Corporations are aware that they need to innovate or they will die, but their decision making is typically distributed and lengthy, lending to the vicious cycle of bureaucracy. For most corporations we spoke to, they were quite knowledgeable about the traction and attractiveness of upcoming startups with competitive offerings. They had an urgent sense that they needed to remain competitive by creating new products and services or they would die. They were very aware of the startups in their orbit and why those startups were winning market share. However, many corporations can’t make decisions fast enough despite of themselves. There are so many decision makers involved that everyone can’t agree on a single path forward…thus little ends up getting done at the end of the day. We see this from the outside and from conversations we have had on the road with corporations we work with. At the end of the day, many hard decisions around growth and innovation are just hard to make. Thus, without fast decision making, corporations continue to lose market share and lose ground to newer, more nimble startups.
“At the end of the day, many hard decisions around growth and innovation are just hard to make. Thus, without fast decision making, corporations continue to lose market share and lose ground to newer, more nimble startups.”

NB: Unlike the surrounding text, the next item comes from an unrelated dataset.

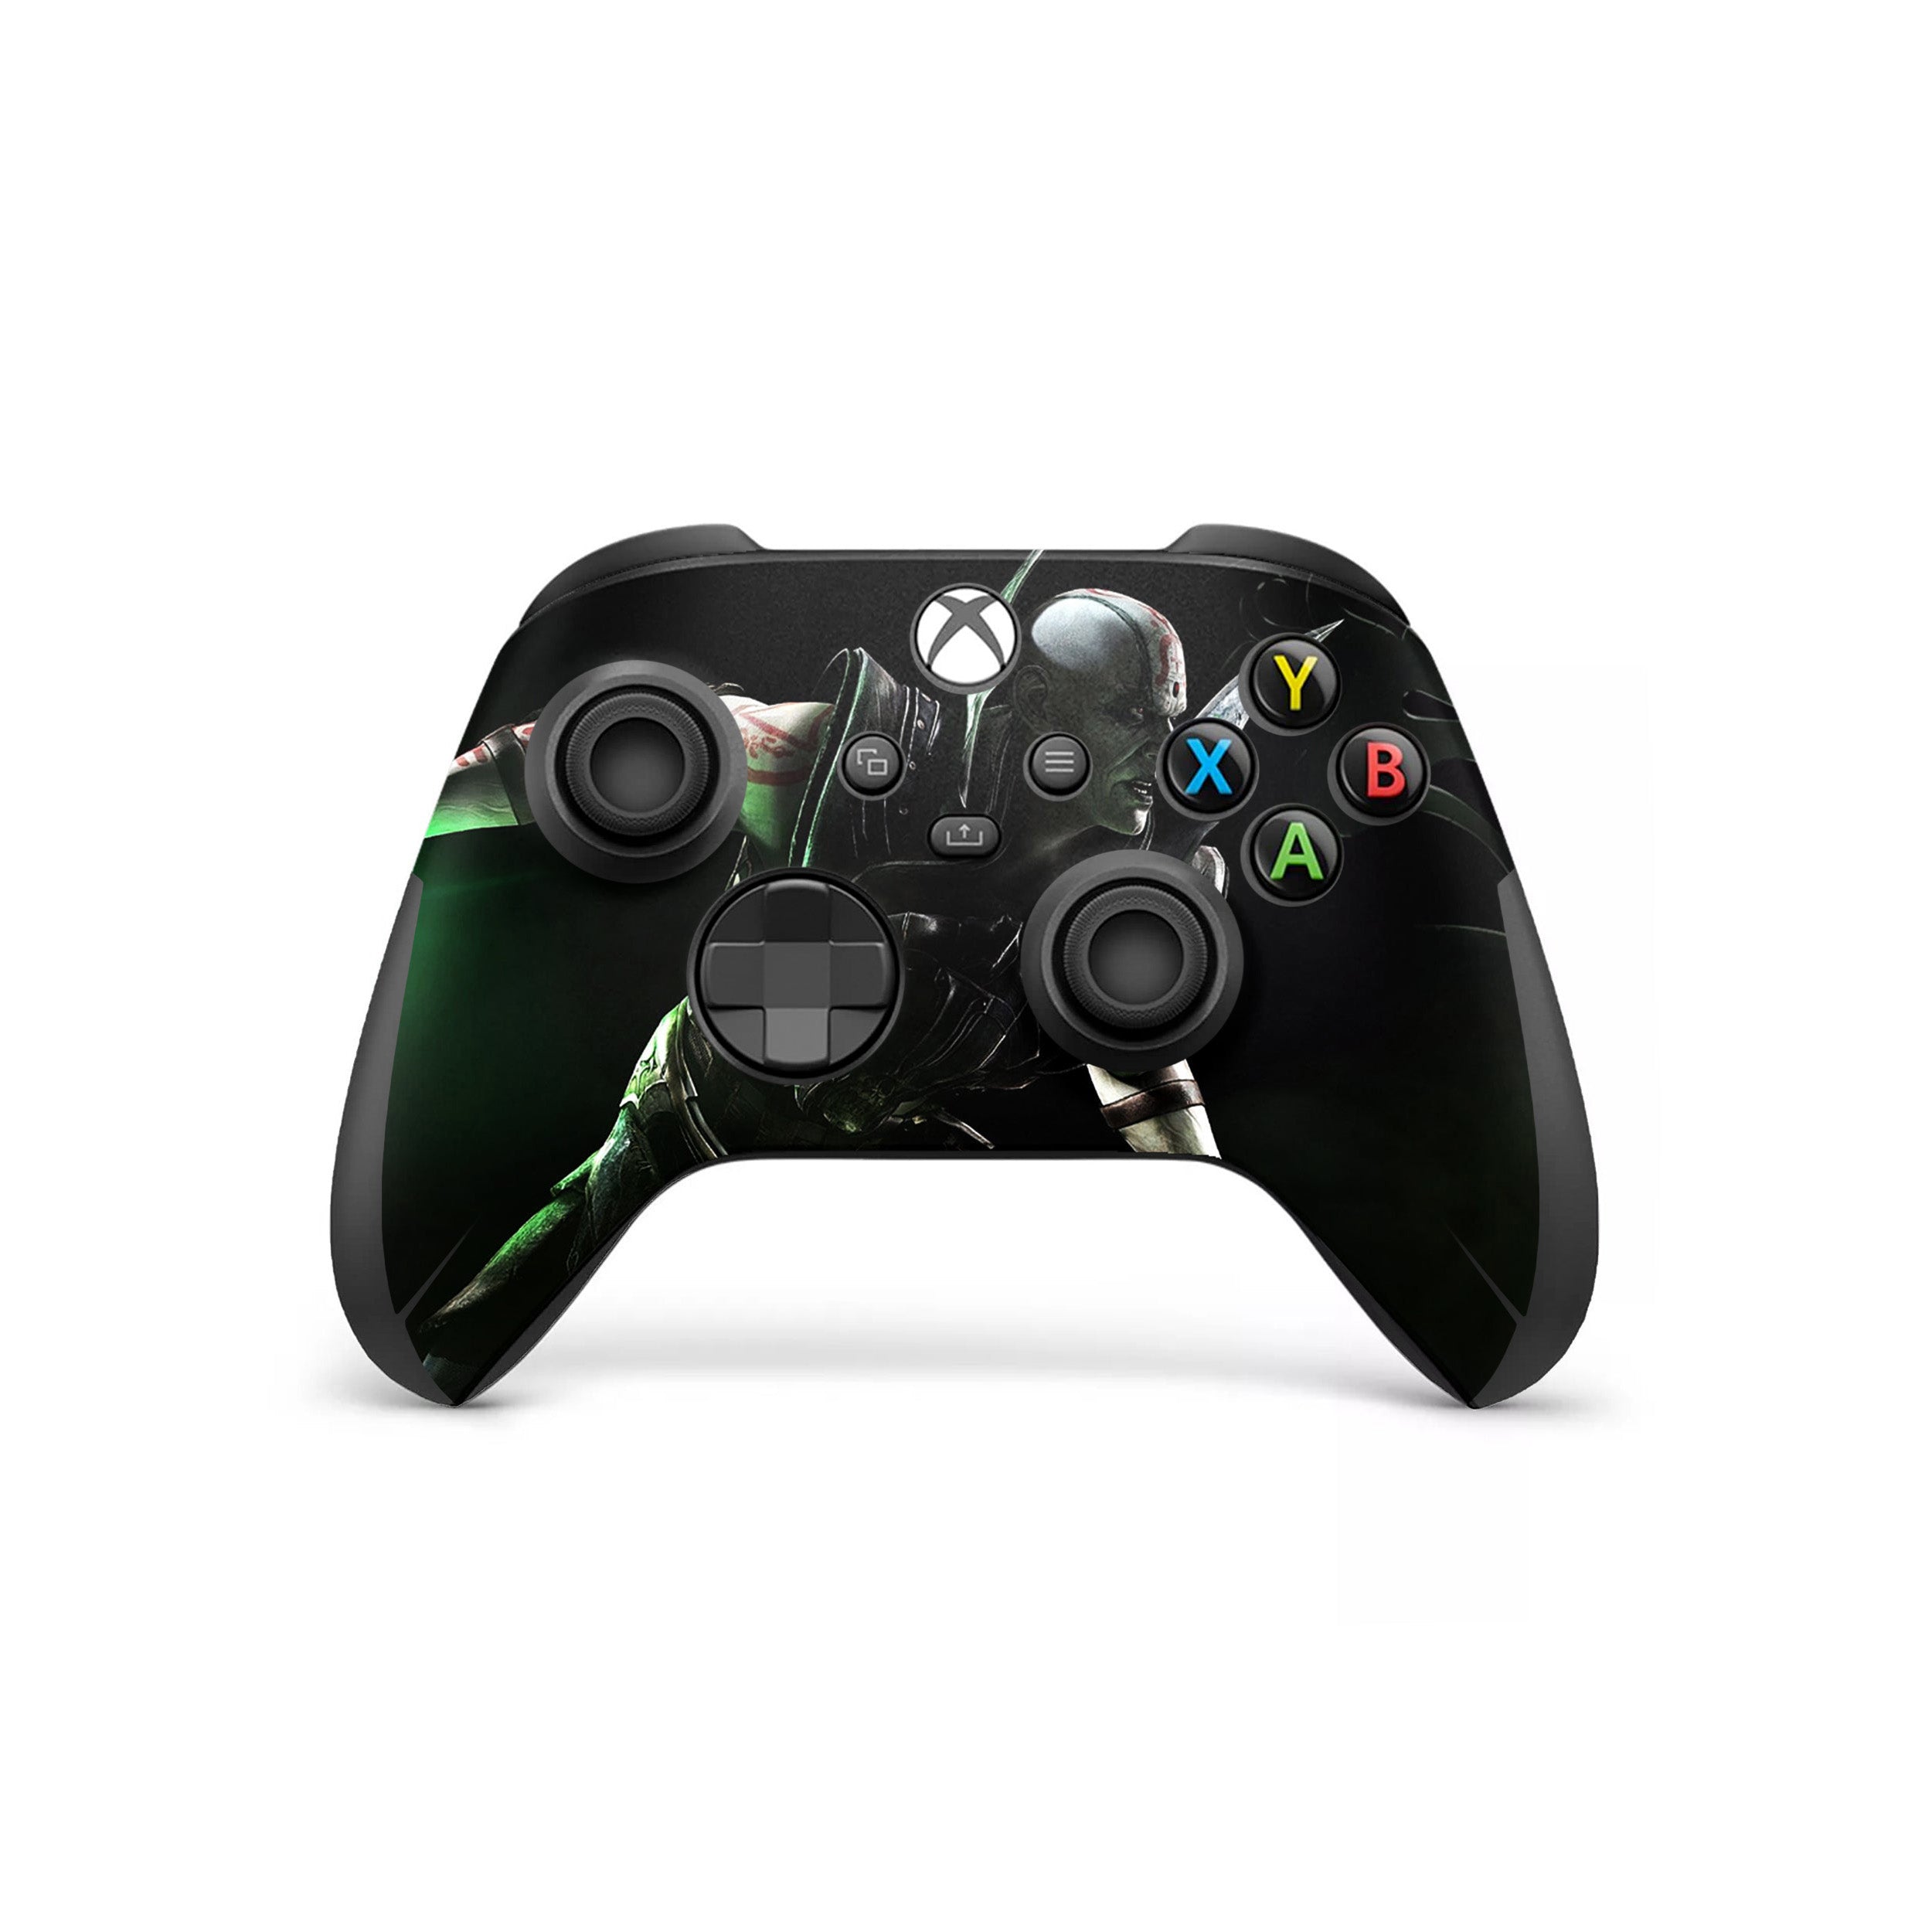 A video game skin featuring a Mortal Kombat Quan Chi design for the Xbox Wireless Controller.

The “ecosystem approach” or portfolio model to innovation has the most sustainable impact. For those who seemed to be the most sophisticated around their growth strategies, they typically had several tentacles stretched into innovation plays. This could take the form of an investment in Plug N’ Play or working with Techstars or another corporate accelerator, it could be a CVC or an office in Palo Alto, it could be a venture lab, or individual fund partnerships to gain exposure to ovation. In great cases, it was all of the above, and we were happy to be a part of such a strong innovation family. Having exposure to multiple innovation partners and resources is important. The technologies they surface are different, their processes are different, the talent is different, and the resources they bring to the table are different. For many corporations, these trials are an important part of finding new solutions that work.
Finding the “yes’s”
Multiple independent minds need to have decision-making authority around innovation risk. This is similar to the ecosystem approach, but as relates to people. Having many perspectives able to pull the trigger on pilots, newco development, and innovation is critical to generating the right use cases within larger organizations. Centralized decision making around innovation creates single point sourcing, curation, and execution of new technologies and pilots. With a single perspective trying to innovate for an entire organization, the network effects to find new talent and new use cases can’t take hold and there tends to be more “no’s” than “yes’s” along the way, stifling potentially significant projects.